Photo by Luca Bravo on Unsplash

Text Mining and Sentiment Analysis with NLTK and pandas in Python

Photo by Luca Bravo on Unsplash

Text Mining and Sentiment Analysis with NLTK and pandas in Python

Text Mining and Sentiment Analysis with NLTK and pandas in Python

Data import

import pandas as pd

# Import some Tweets from Elon Musk 
df = pd.read_csv("https://raw.githubusercontent.com/kirenz/twitter-tweepy/main/tweets.csv")
df.head(3)
Unnamed: 0 created_at id author_id text
0 0 2021-12-10T07:20:45.000Z 1469205428227784711 44196397 @Albi_SideArms maybe i will …
1 1 2021-12-10T07:19:05.000Z 1469205011687223298 44196397 @jack https://t.co/ueyR6NAwap
2 2 2021-12-10T06:44:19.000Z 1469196261953884160 44196397 @SawyerMerritt 🤣🤣

Data transformation

df['text'] = df['text'].astype(str).str.lower()
df.head(3)
Unnamed: 0 created_at id author_id text
0 0 2021-12-10T07:20:45.000Z 1469205428227784711 44196397 @albi_sidearms maybe i will …
1 1 2021-12-10T07:19:05.000Z 1469205011687223298 44196397 @jack https://t.co/ueyr6nawap
2 2 2021-12-10T06:44:19.000Z 1469196261953884160 44196397 @sawyermerritt 🤣🤣

Tokenization

Install nltk:

conda install -c anaconda nltk

We use nltk’s RegexpTokenizer to perform tokenization in combination with regular expressions.

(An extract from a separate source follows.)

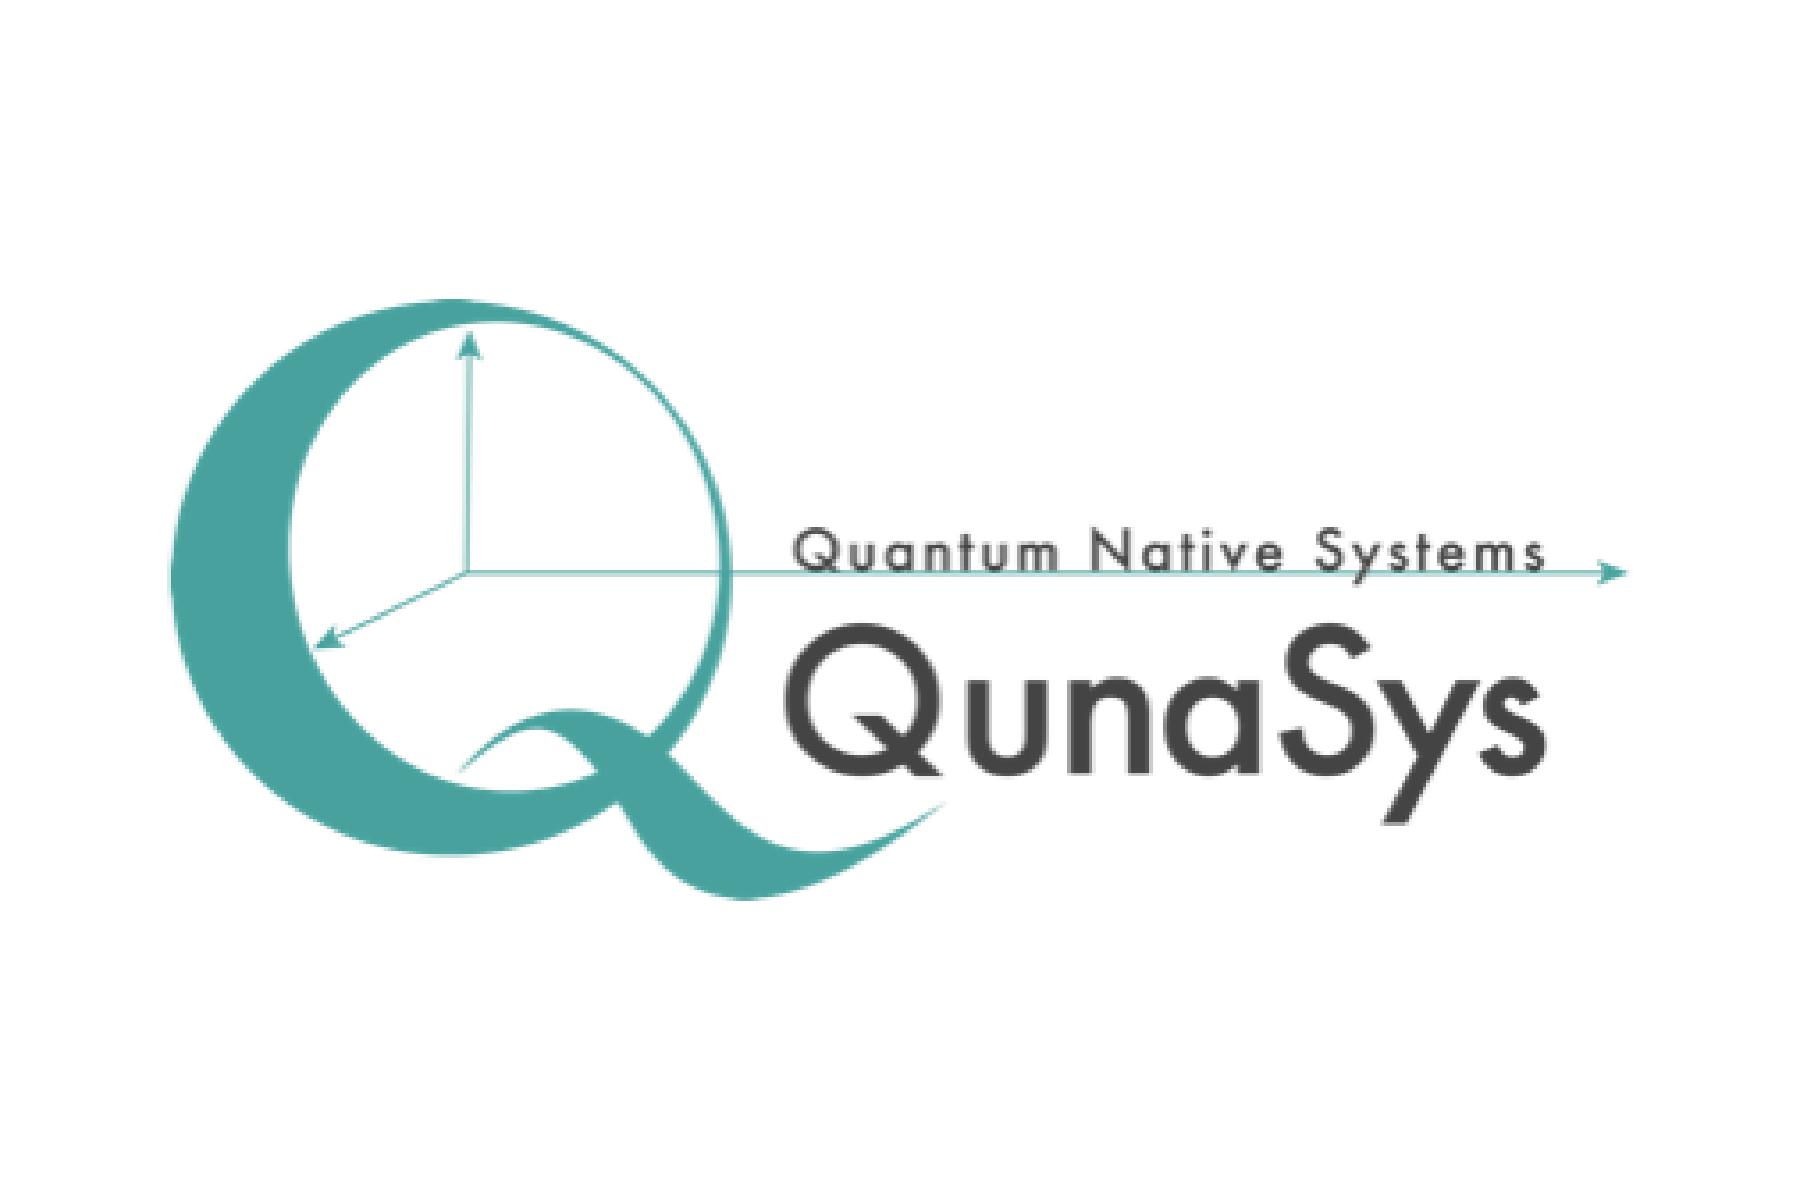 【JXTGホールディングス×QunaSys】 量子コンピュータ実応用事例の発掘と社会実装に向け、共同開発を本格化

To learn more about regular expressions (“regexp”), visit the following sites:

\w+ matches Unicode word characters with one or more occurrences; this includes most characters that can be part of a word in any language, as well as numbers and the underscore.

from nltk.tokenize import RegexpTokenizer

regexp = RegexpTokenizer('\w+')

df['text_token']=df['text'].apply(regexp.tokenize)
df.head(3)

Unnamed: 0 created_at id author_id text text_token
0 0 2021-12-10T07:20:45.000Z 1469205428227784711 44196397 @albi_sidearms maybe i will … [albi_sidearms, maybe, i, will]
1 1 2021-12-10T07:19:05.000Z 1469205011687223298 44196397 @jack https://t.co/ueyr6nawap [jack, https, t, co, ueyr6nawap]
2 2 2021-12-10T06:44:19.000Z 1469196261953884160 44196397 @sawyermerritt 🤣🤣 [sawyermerritt]

Stopwords

Stop words are words in a stop list which are dropped before analysing natural language data since they don’t contain valuable information (like “will”, “and”, “or”, “has”, …).

import nltk

nltk.download('stopwords')
[nltk_data] Downloading package stopwords to
[nltk_data]     /Users/jankirenz/nltk_data...
[nltk_data]   Package stopwords is already up-to-date!





True
import nltk
from nltk.corpus import stopwords

# Make a list of english stopwords
stopwords = nltk.corpus.stopwords.words("english")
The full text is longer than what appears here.